A un mes de que el Perú impusiera derechos antidumping a las importaciones de tubos de acero laminados en caliente procedentes de China, la industria nacional advierte que ese caso debe marcar el inicio de una respuesta más rápida frente a la competencia desleal.
El motivo: todavía existen nueve casos de defensa comercial a la espera de una decisión, mientras las demoras siguen debilitando la producción, frenando inversiones y poniendo en riesgo empleos formales.
El caso de los tubos de acero muestra el costo de la demora
La investigación por los tubos de acero se inició en enero de 2025 y concluyó en julio de 2026 con la aplicación de derechos antidumping por cinco años. Es decir, tomó más de 18 meses.

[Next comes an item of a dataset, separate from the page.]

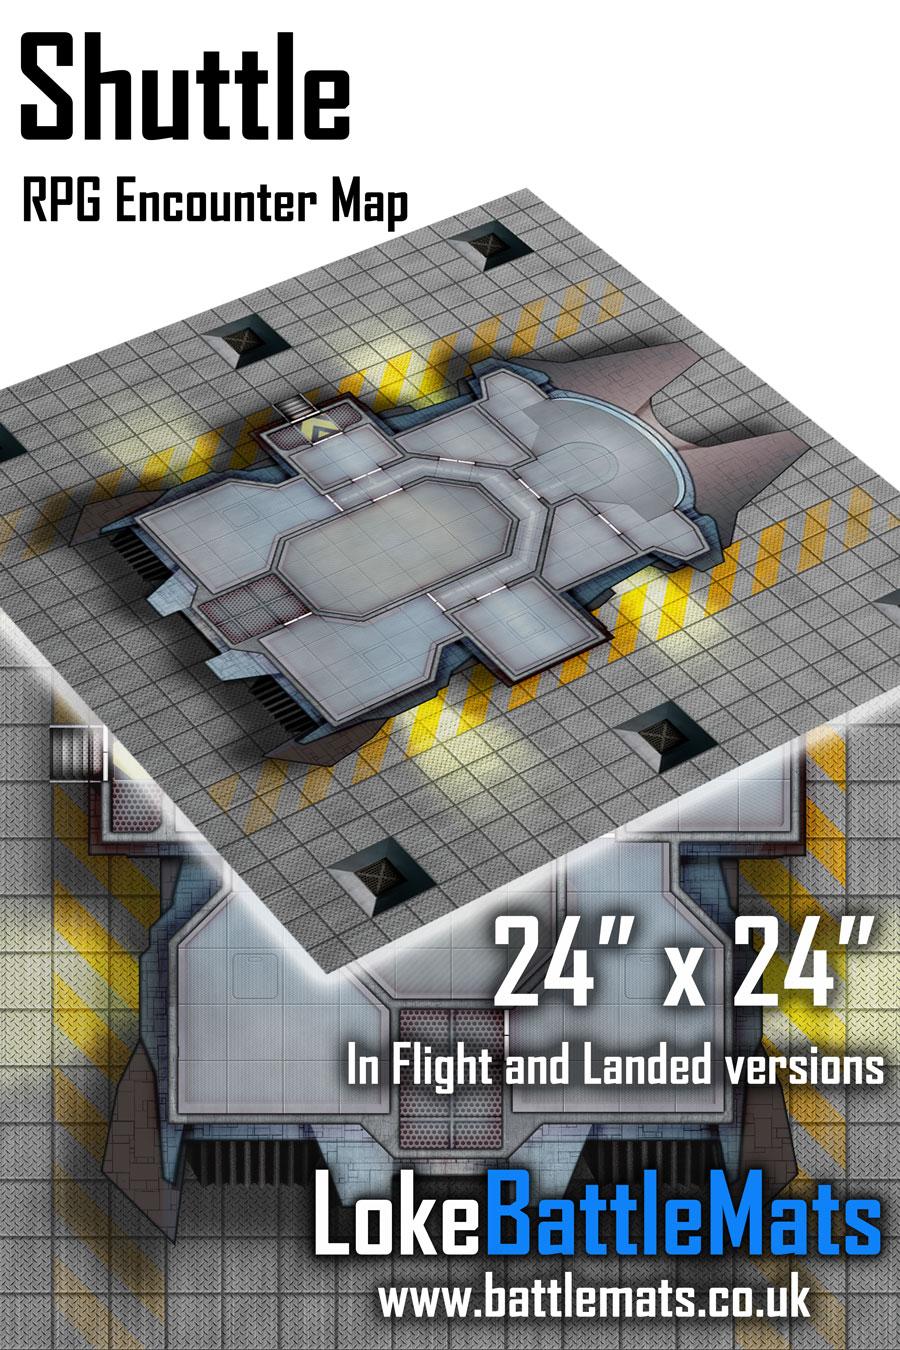 Shuttle-24x24-AD.jpg

Durante ese periodo, las importaciones provenientes de China aumentaron 94.7%, mientras los precios de venta de la producción nacional cayeron hasta 16.5%, con efectos sobre la participación de mercado y la rentabilidad de las empresas peruanas.
Para la industria, el problema no es solo obtener finalmente un pronunciamiento favorable, sino que este llegue a tiempo para preservar las líneas de producción, las inversiones y los empleos vinculados a ellas.
Antes de iniciar el procedimiento, las empresas pueden dedicar varios meses a recopilar la información requerida para presentar una solicitud; una vez abierto, el proceso puede extenderse por más de 18 meses adicionales.
Nueve expedientes siguen sin resolución
Según el balance del sector, tras la resolución sobre los tubos de acero quedan nueve casos de defensa comercial que continúan esperando respuesta o avanzan en distintas etapas administrativas.
Entre los expedientes públicamente identificables están los referidos a inodoros de cerámica tipo one piece, neumáticos para automóviles, cierres de cremallera, tejidos de ligamento tafetán y biodiésel, además de otros procedimientos vinculados a investigaciones, revisiones de medidas vigentes y posibles prácticas de elusión.
El impacto se extiende más allá de las empresas investigadas
Mientras los expedientes siguen su curso, las importaciones investigadas continúan compitiendo en el mercado.
Esto puede traducirse en menores ventas, capacidad instalada sin utilizar, suspensión de inversiones, reducción de turnos y pérdida de puestos de trabajo directos e indirectos.
Sus efectos también alcanzan a proveedores, transportistas, distribuidores, servicios asociados y a la propia recaudación tributaria.
Silvia Hooker, gerente de Asuntos Internacionales de la Sociedad Nacional de Industrias (SNI), señaló que el sector defiende el libre comercio y la libre competencia, y que lo que se pide no es protección sino igualdad de condiciones y que las reglas se apliquen para todos los actores del mercado.
Según explicó, las medidas antidumping no buscan impedir las importaciones ni levantar barreras arbitrarias, sino corregir distorsiones cuando se demuestra que ciertos productos ingresan a precios inferiores a su valor normal y causan daño a la producción local; su objetivo es restablecer condiciones de competencia libre y leal.
Hooker agregó que una medida que llega cuando una empresa ya redujo su producción o cerró una línea pierde gran parte de su efectividad, por lo que las investigaciones deben mantener el rigor técnico sin perder la rapidez que exige el mercado.
El Perú ya cuenta con normas compatibles con la Organización Mundial del Comercio (OMC) y con los tratados de libre comercio suscritos por el país.
Por ello, para el sector el desafío no es crear nuevas herramientas, sino asegurar que las existentes funcionen de manera eficaz y dentro de plazos que protejan la inversión, el empleo formal y la capacidad productiva nacional.